As I know, a rigid body is a set of $N$ particles in three-dimensional space subject to the following constraint: if $b_1,\dots,b_N\in \mathbb{R}^3$ are the initial positions of the particles and if $c_1,\dots,c_N: \mathbb{R}\to \mathbb{R}^3$ are their time evolutions, then
$$|c_{i}(t)-c_{j}(t)|=|b_i-b_j| , \quad \forall t \in \mathbb{R}.$$
In other words, the distance between each pair of points is maintained constant throughout the time evolution. With this in mind, it is usual to consider that the configuration manifold of a rigid body is in truth
$$Q = \mathbb{R}^3\times SO(3).$$
In Spivak's Mechanics book it is said:
This all can be expressed in a more familiar, geometric, way by considering the "configuration space" of $\mathbf{b}$, which is the subset $\mathscr{M}\subset (\mathbb{R}^3)^N$ of all points that can be reached from $\mathbf{b}$ at the end of a rigid motion. In other words,
$$\mathscr{M}=\{(A(b_1),\dots,A(b_N)) : A \ \text{an orientation preserving isometry of } \ \mathbb{R}^3\}.$$
When $\mathbf{b}$ is non-planar, $\mathscr{M}$ is a $6$-dimensional manifold diffeomorphic to the set of all orientation preserving isometries $A$ of $\mathbb{R}^3$, and thus to $\mathbb{R}^3\times SO(3)$. With this picture, a rigid motion of $\mathbf{b}$is simply a curve in $\mathscr{M}$, so a virtual infinitesimal displacement $\mathbf{v}$ of $\mathbf{b}$ is simply a tangent vector to $\mathscr{M}$ at $\mathbf{b}$.
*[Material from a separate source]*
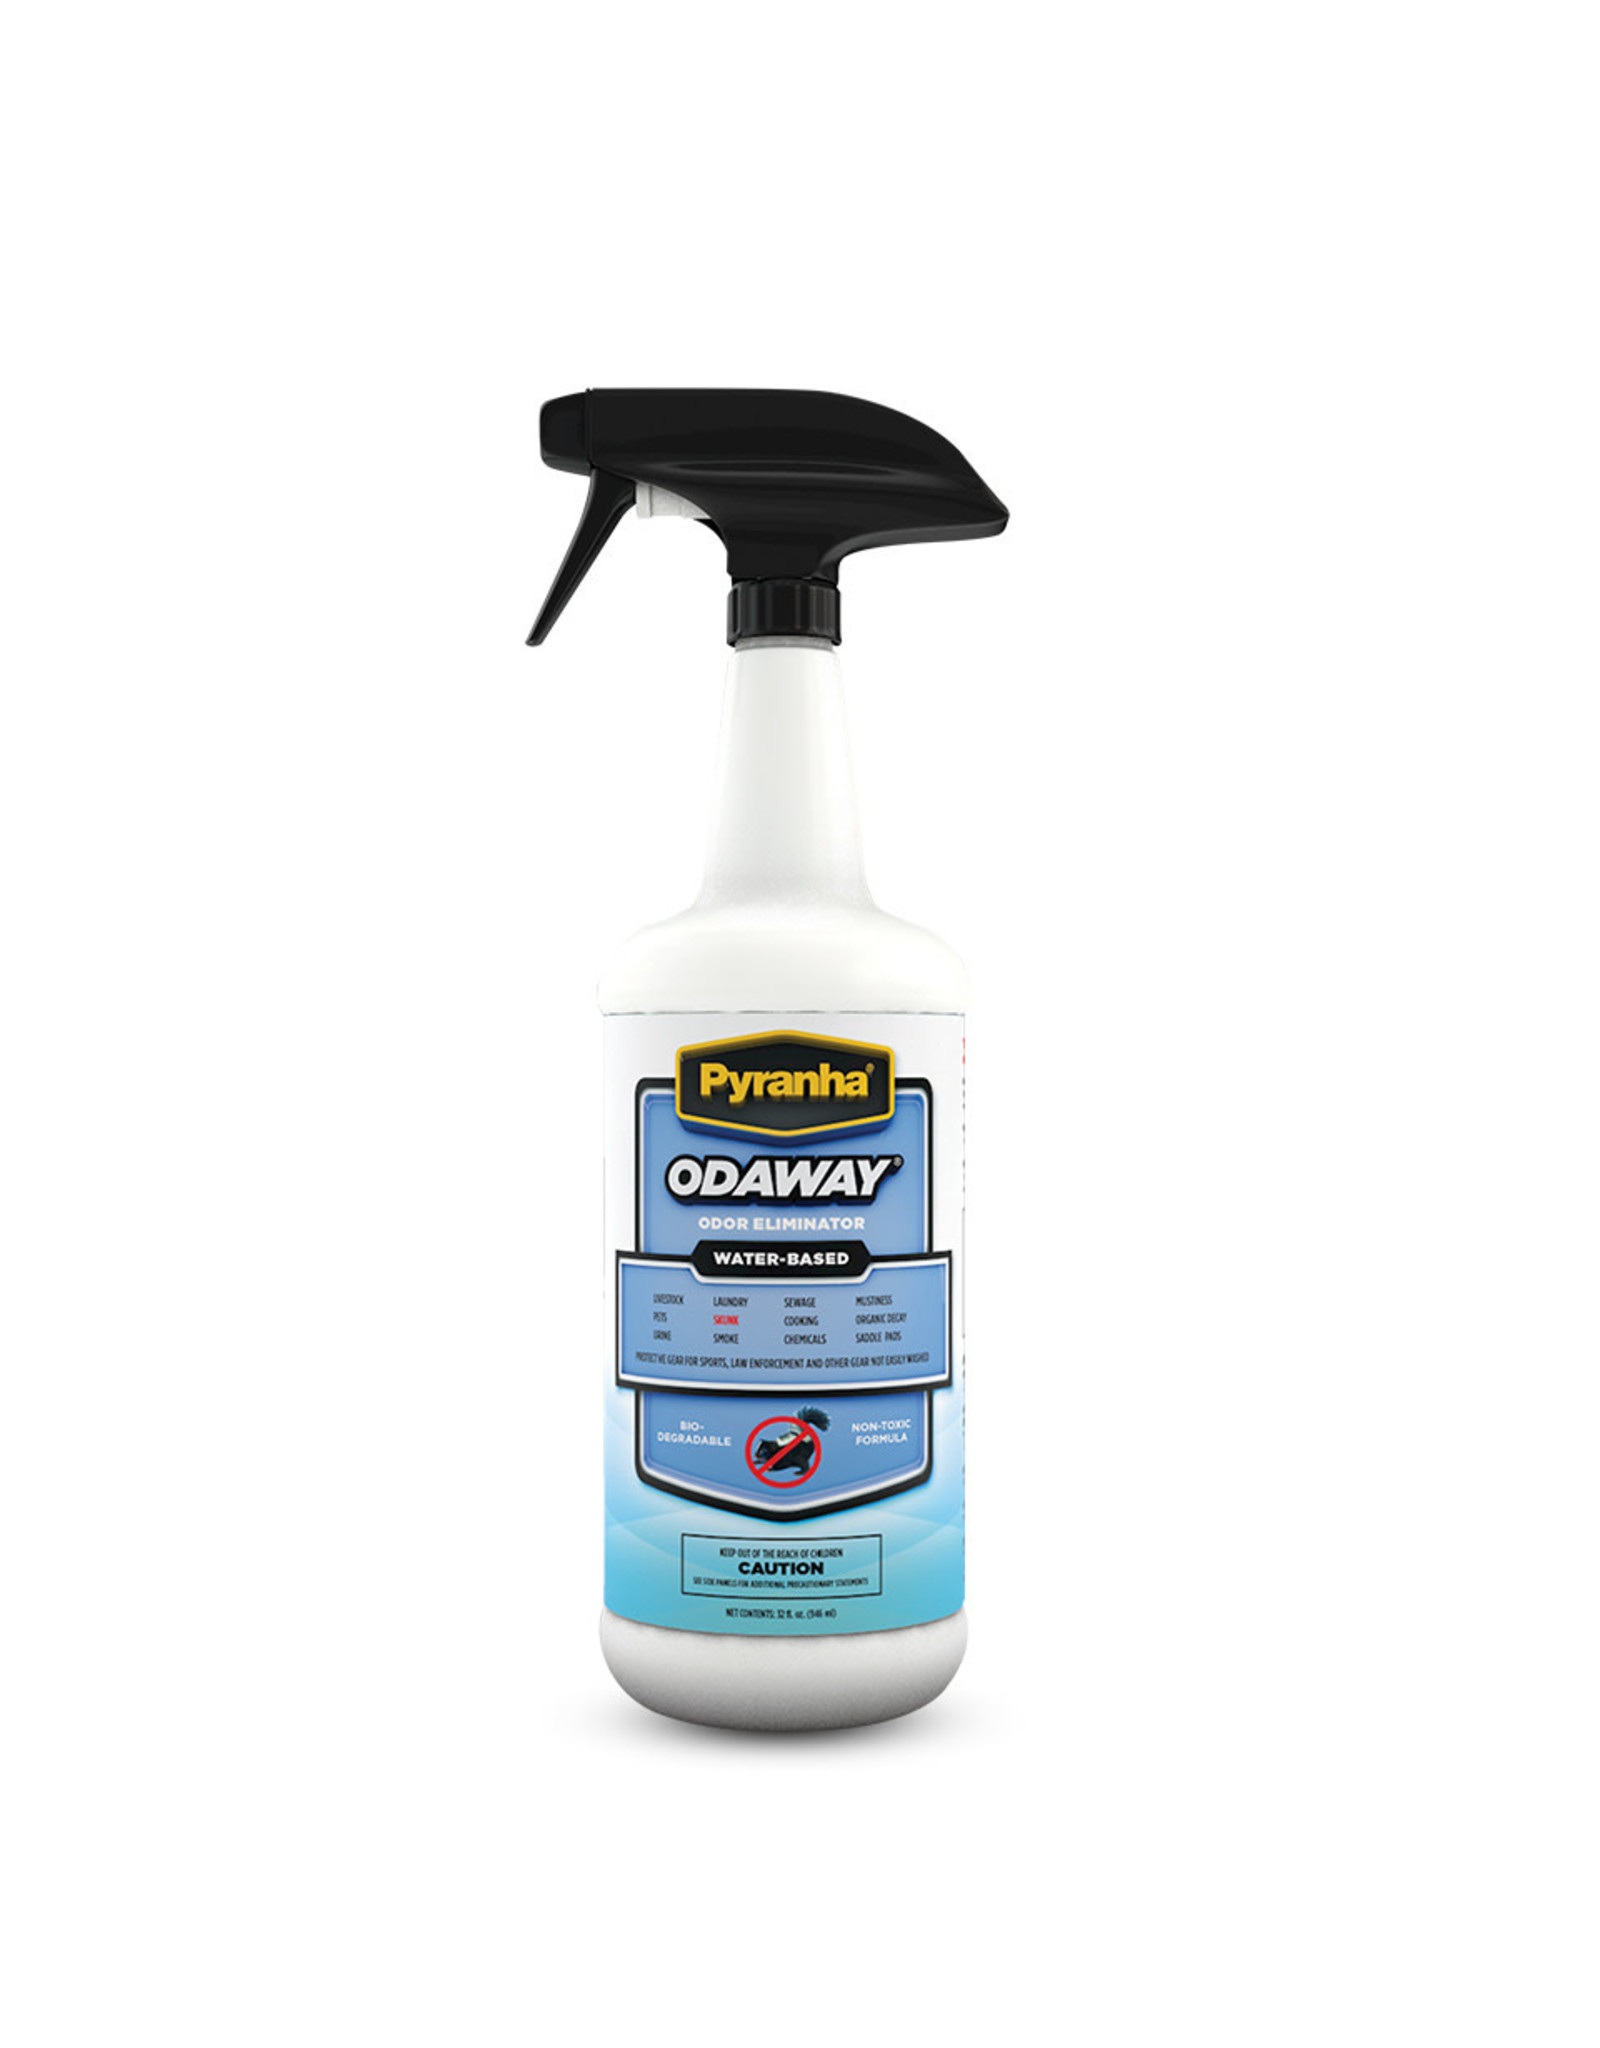 Odaway Odor Absorber Spray 32 oz

Although this seems really simple, I'm having a hard time to understand that the configuration manifold of a rigid body is $\mathbb{R}^3\times SO(3)$. I see that in truth if $A$ is a curve of isometries, then really $t\mapsto (A(t)(b_1),\dots,A(t)(b_N))$ is a curve that satisfies the constraints.
But why this says the configuration manifold is the set of all orientation preserving isometries? Also, where the orientation preserving came from? In short, how to see that the configuration manifold of a rigid body is $\mathbb{R}^3\times SO(3)$?